● Directions
Please repeat the lines below exactly. Begin with the line containing "An ornamental image" and go on through the line containing "I've done quite".

● Material for this exercise
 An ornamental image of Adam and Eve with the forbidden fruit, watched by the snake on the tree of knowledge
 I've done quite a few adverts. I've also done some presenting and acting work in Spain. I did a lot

* * *

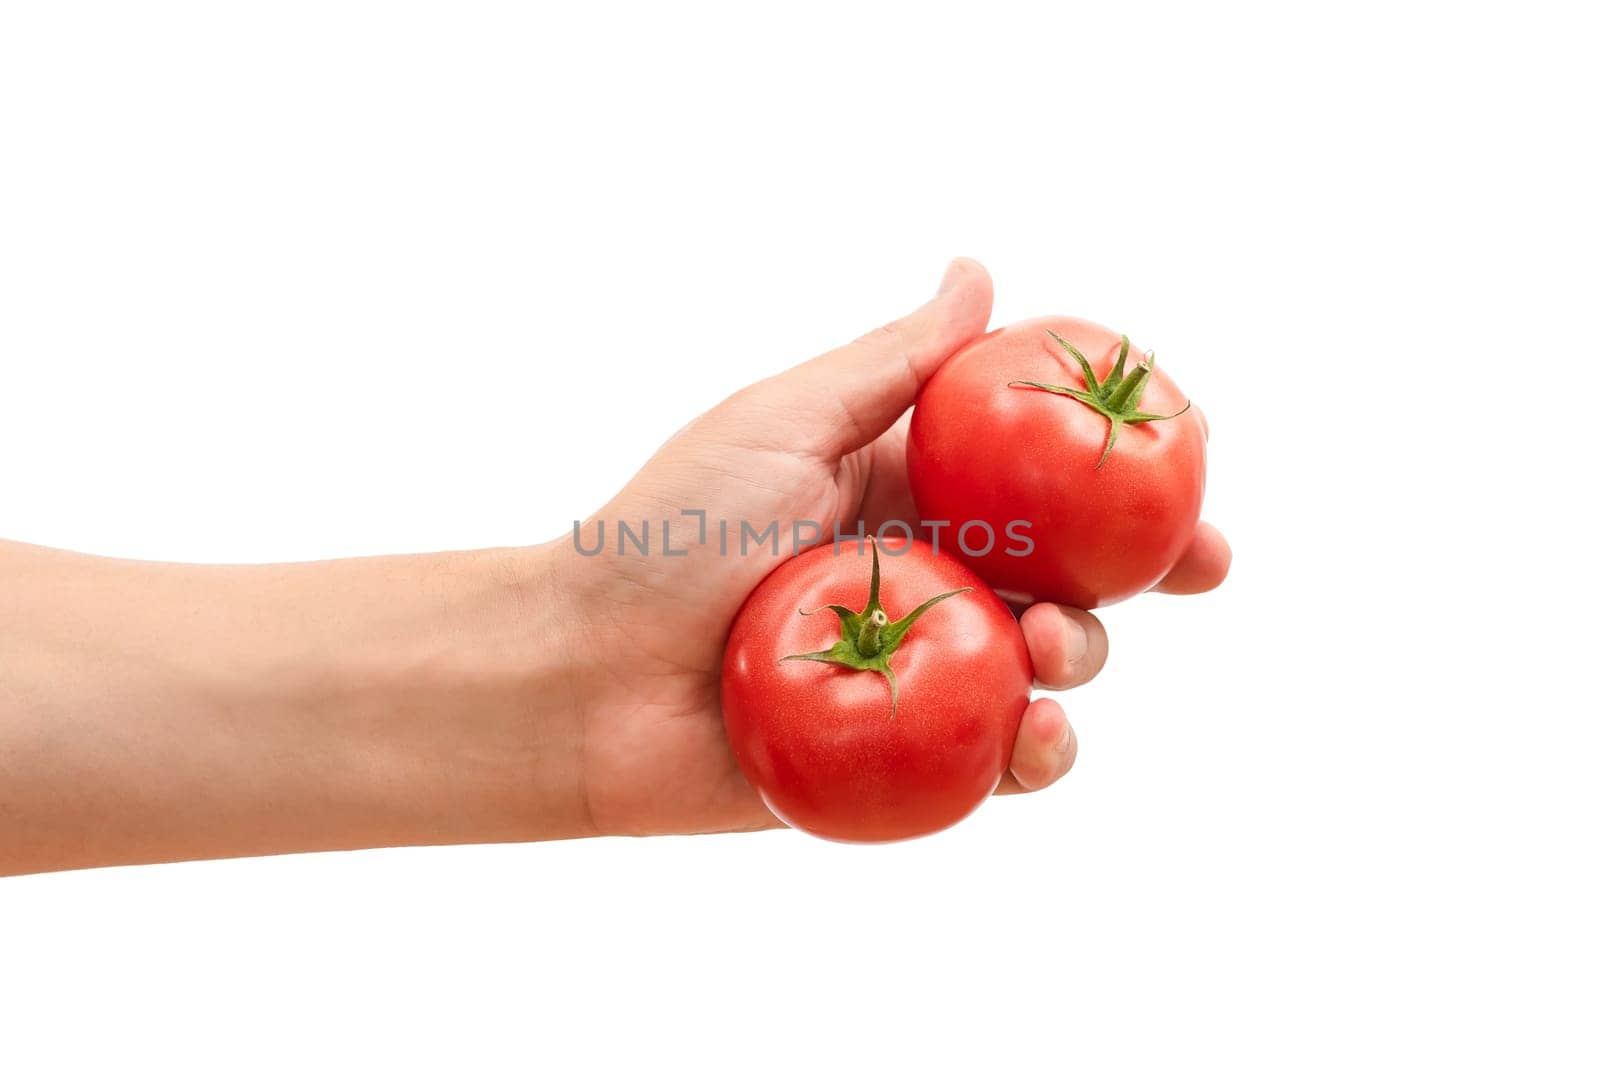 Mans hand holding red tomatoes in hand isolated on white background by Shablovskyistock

* * *

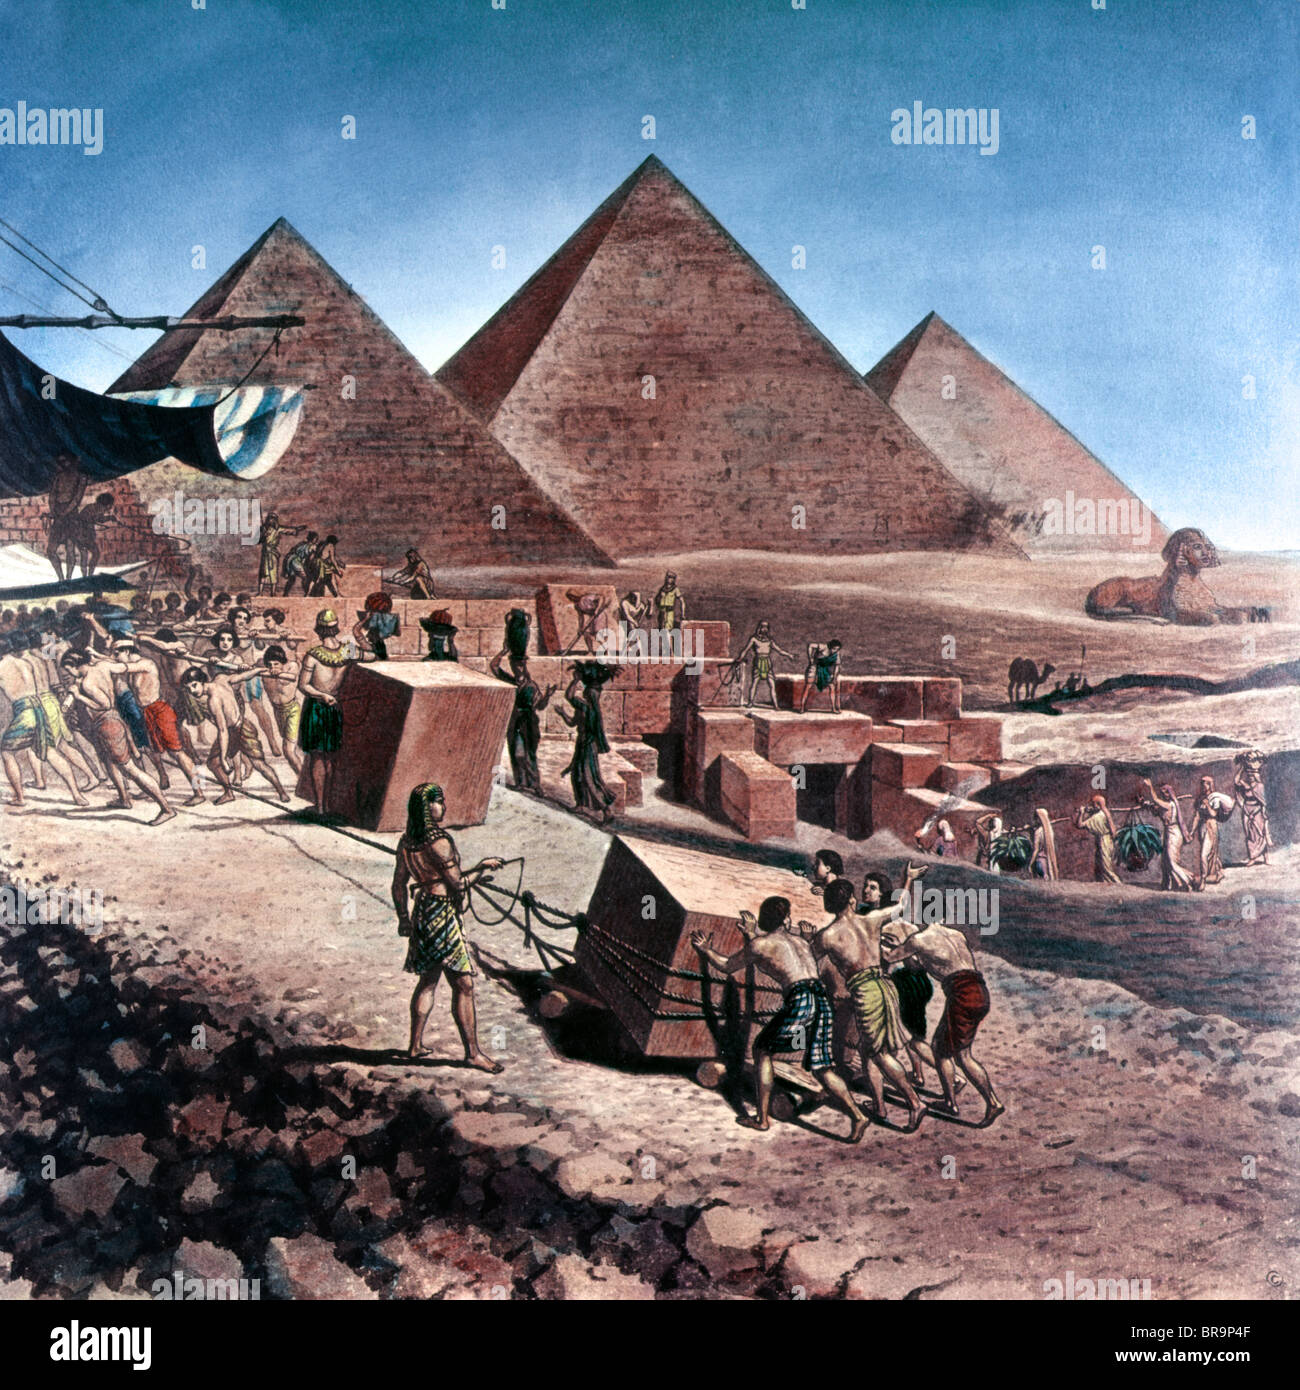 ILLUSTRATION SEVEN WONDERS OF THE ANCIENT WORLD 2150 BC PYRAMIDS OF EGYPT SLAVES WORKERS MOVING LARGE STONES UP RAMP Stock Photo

● Task result
 An ornamental image of Adam and Eve with the forbidden fruit, watched by the snake on the tree of knowledge
 I've done quite a few adverts. I've also done some presenting and acting work in Spain. I did a lot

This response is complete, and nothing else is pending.